Activity =
With the pictures left out, restate exactly the part below that opens with the line containing "zdjęciu strażacy z" and closes with the line containing "スチャダラパー / CHECK THE WORD (EP)12inchレコード盤".

Recorded information =
============

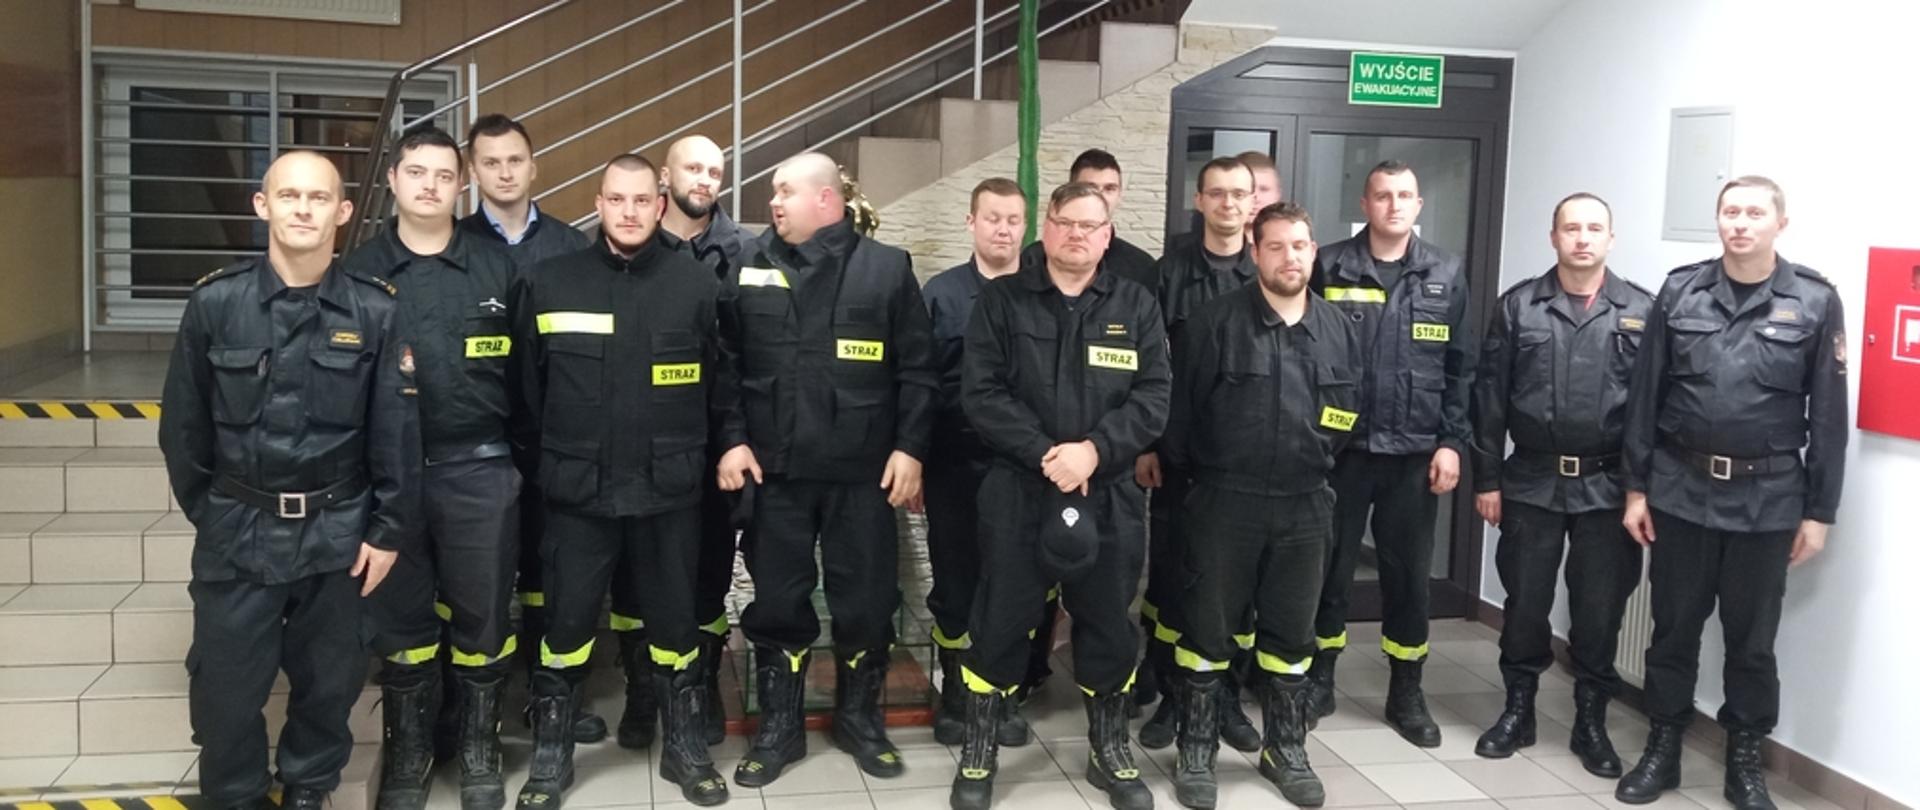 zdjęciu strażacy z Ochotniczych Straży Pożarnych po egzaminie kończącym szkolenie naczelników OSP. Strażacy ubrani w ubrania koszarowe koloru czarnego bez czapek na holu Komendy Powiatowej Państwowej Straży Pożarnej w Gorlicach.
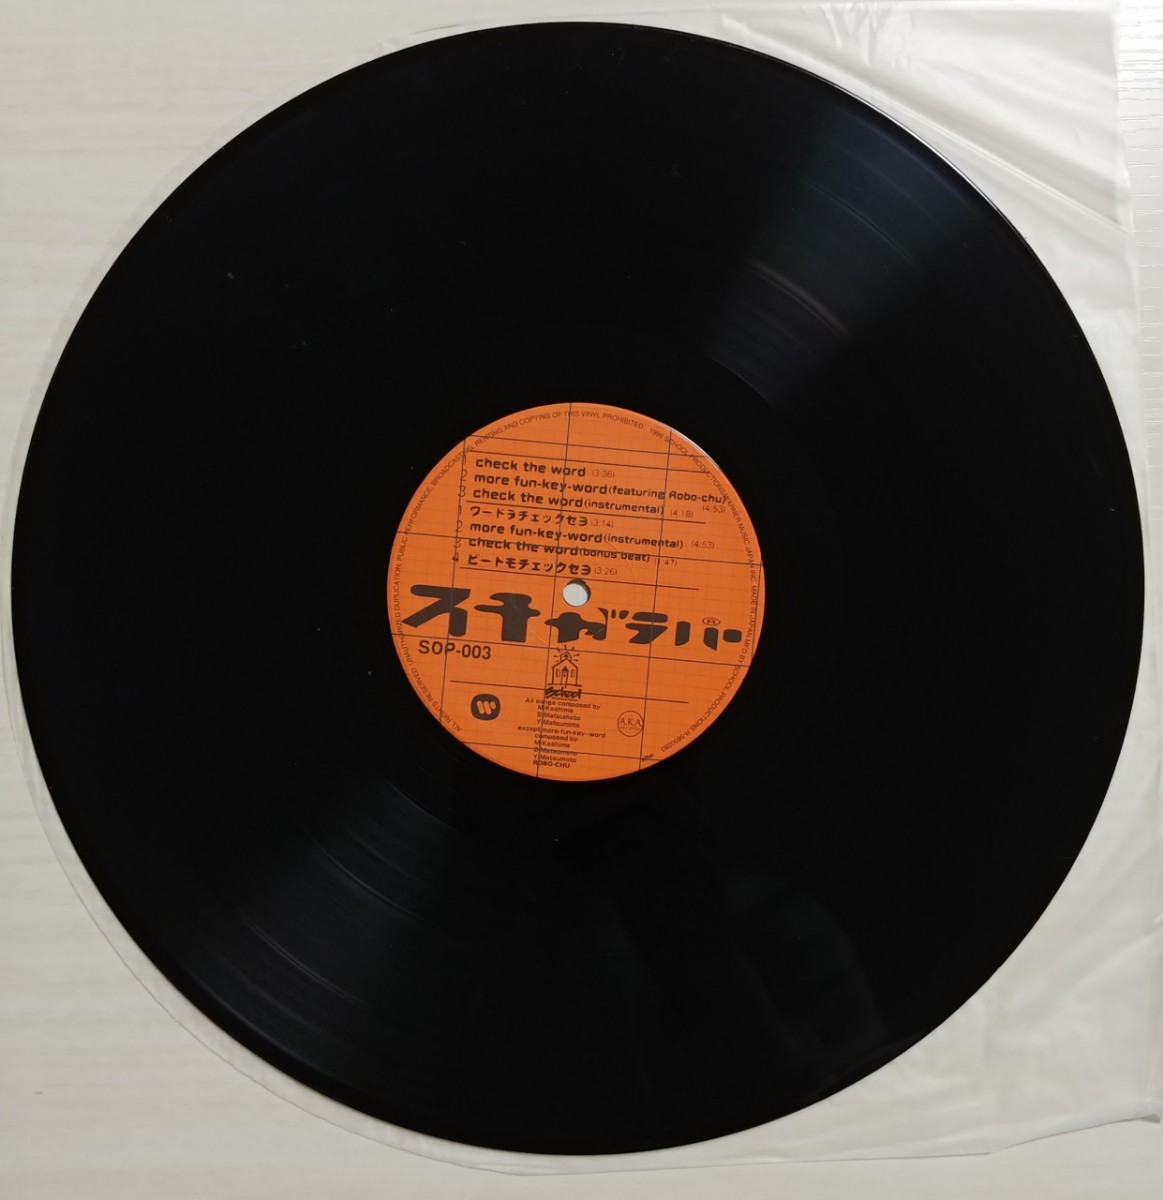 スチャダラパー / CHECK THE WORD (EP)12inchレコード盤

============

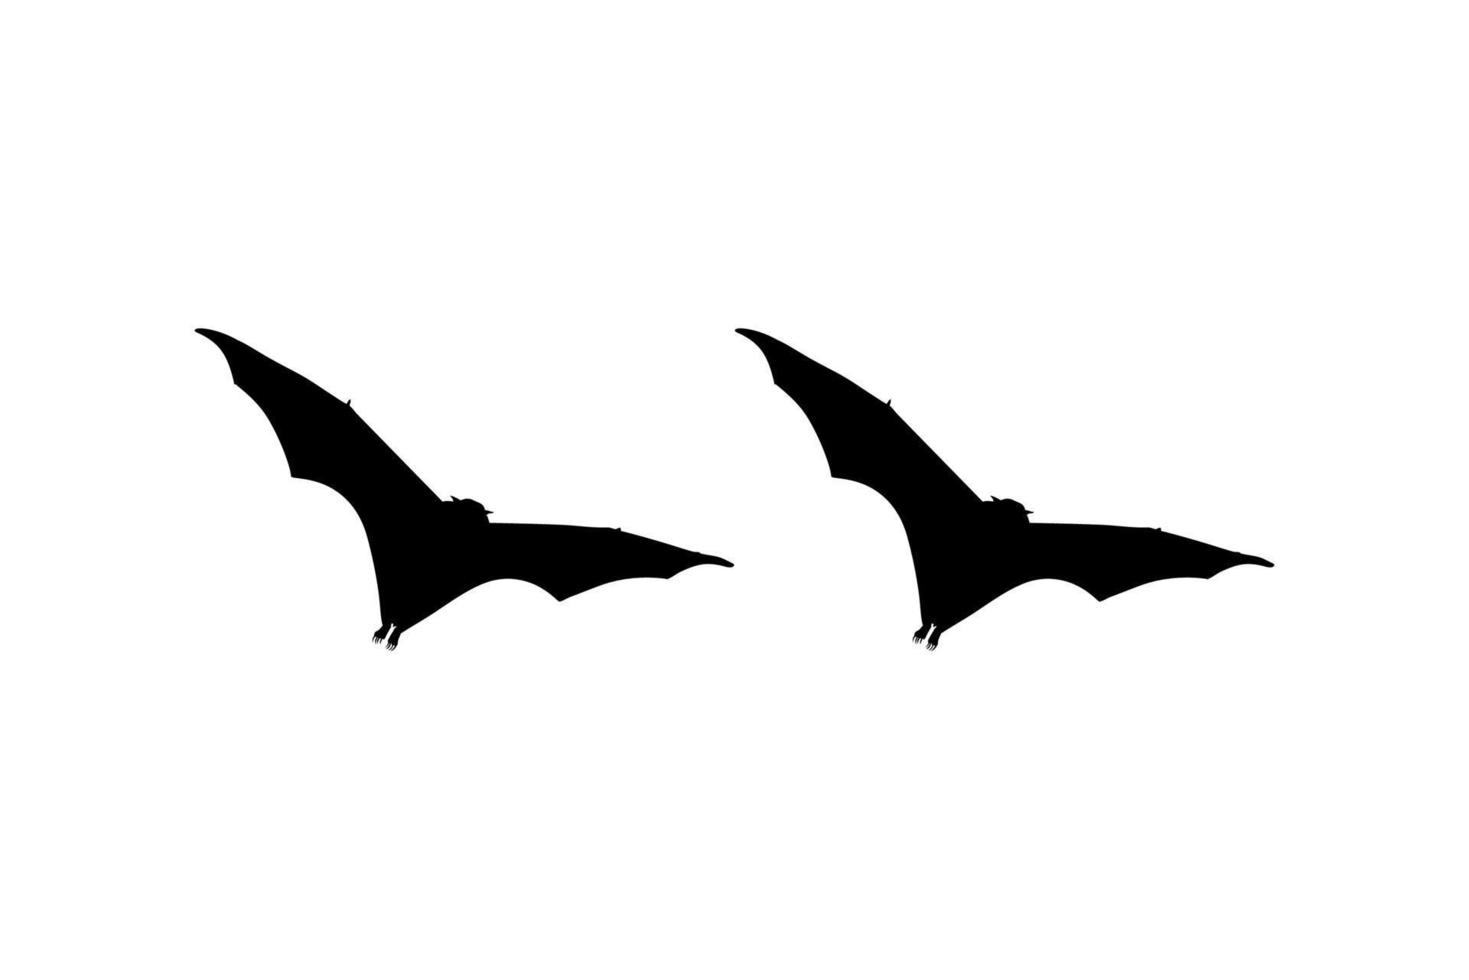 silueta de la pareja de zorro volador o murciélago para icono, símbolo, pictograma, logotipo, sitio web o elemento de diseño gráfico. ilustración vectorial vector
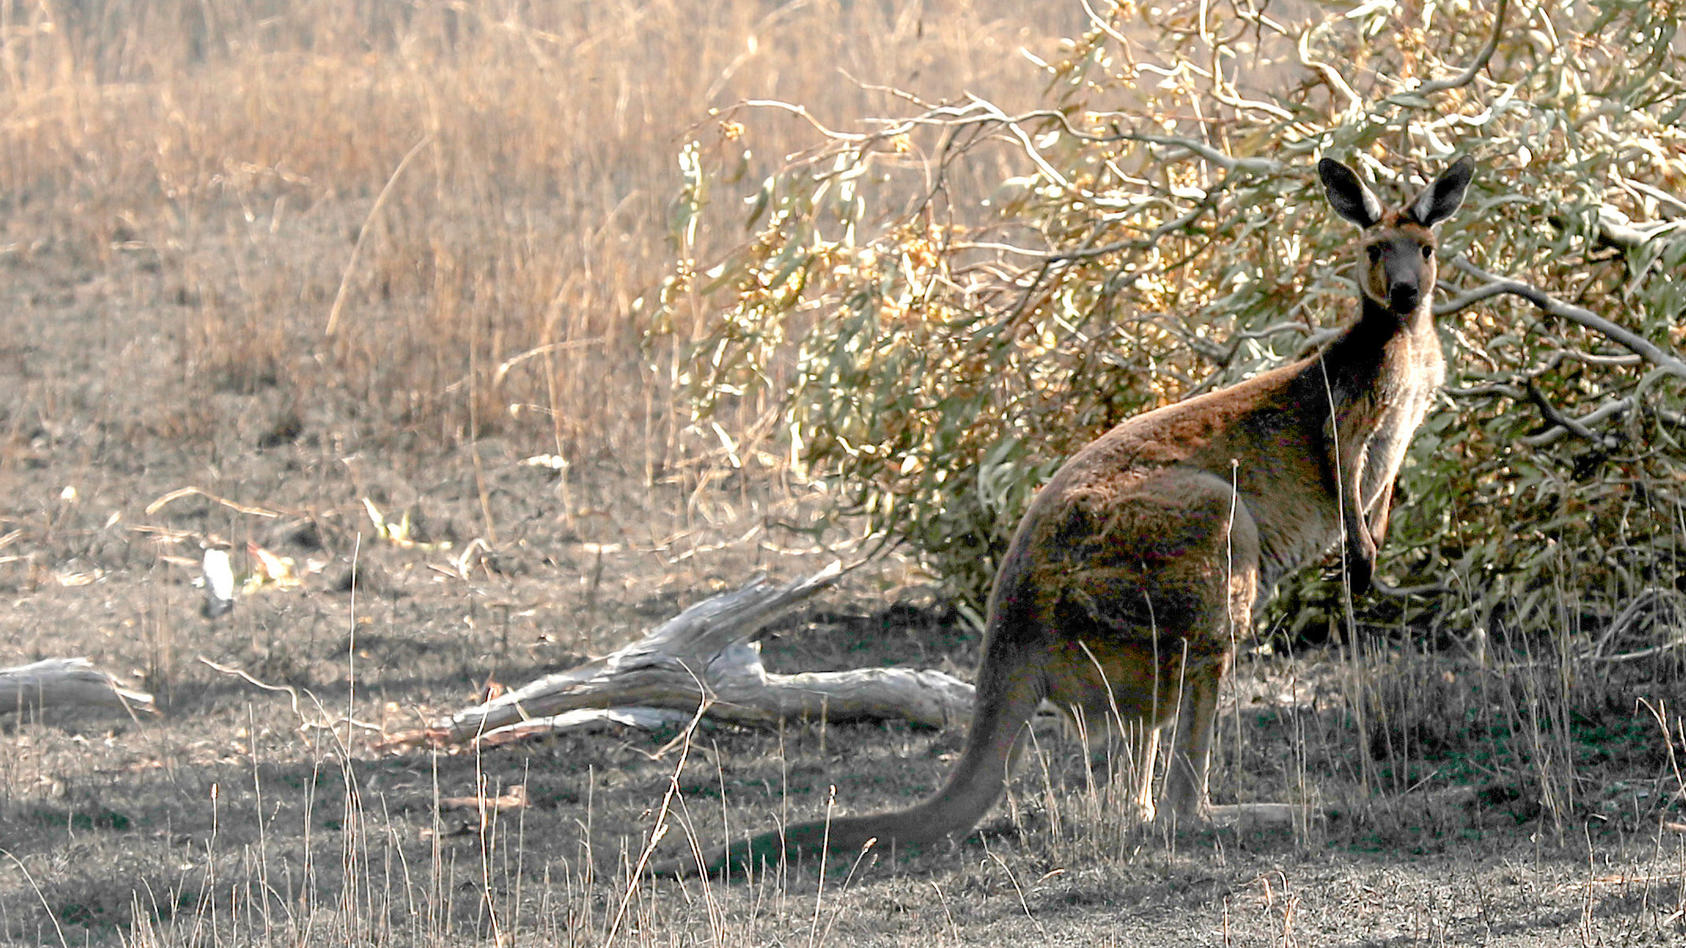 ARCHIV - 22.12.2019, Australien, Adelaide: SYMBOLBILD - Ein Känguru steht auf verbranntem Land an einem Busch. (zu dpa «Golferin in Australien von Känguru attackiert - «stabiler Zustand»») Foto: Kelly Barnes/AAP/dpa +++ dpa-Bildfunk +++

============

Answer area =
 zdjęciu strażacy z Ochotniczych Straży Pożarnych po egzaminie kończącym szkolenie naczelników OSP. Strażacy ubrani w ubrania koszarowe koloru czarnego bez czapek na holu Komendy Powiatowej Państwowej Straży Pożarnej w Gorlicach.
 スチャダラパー / CHECK THE WORD (EP)12inchレコード盤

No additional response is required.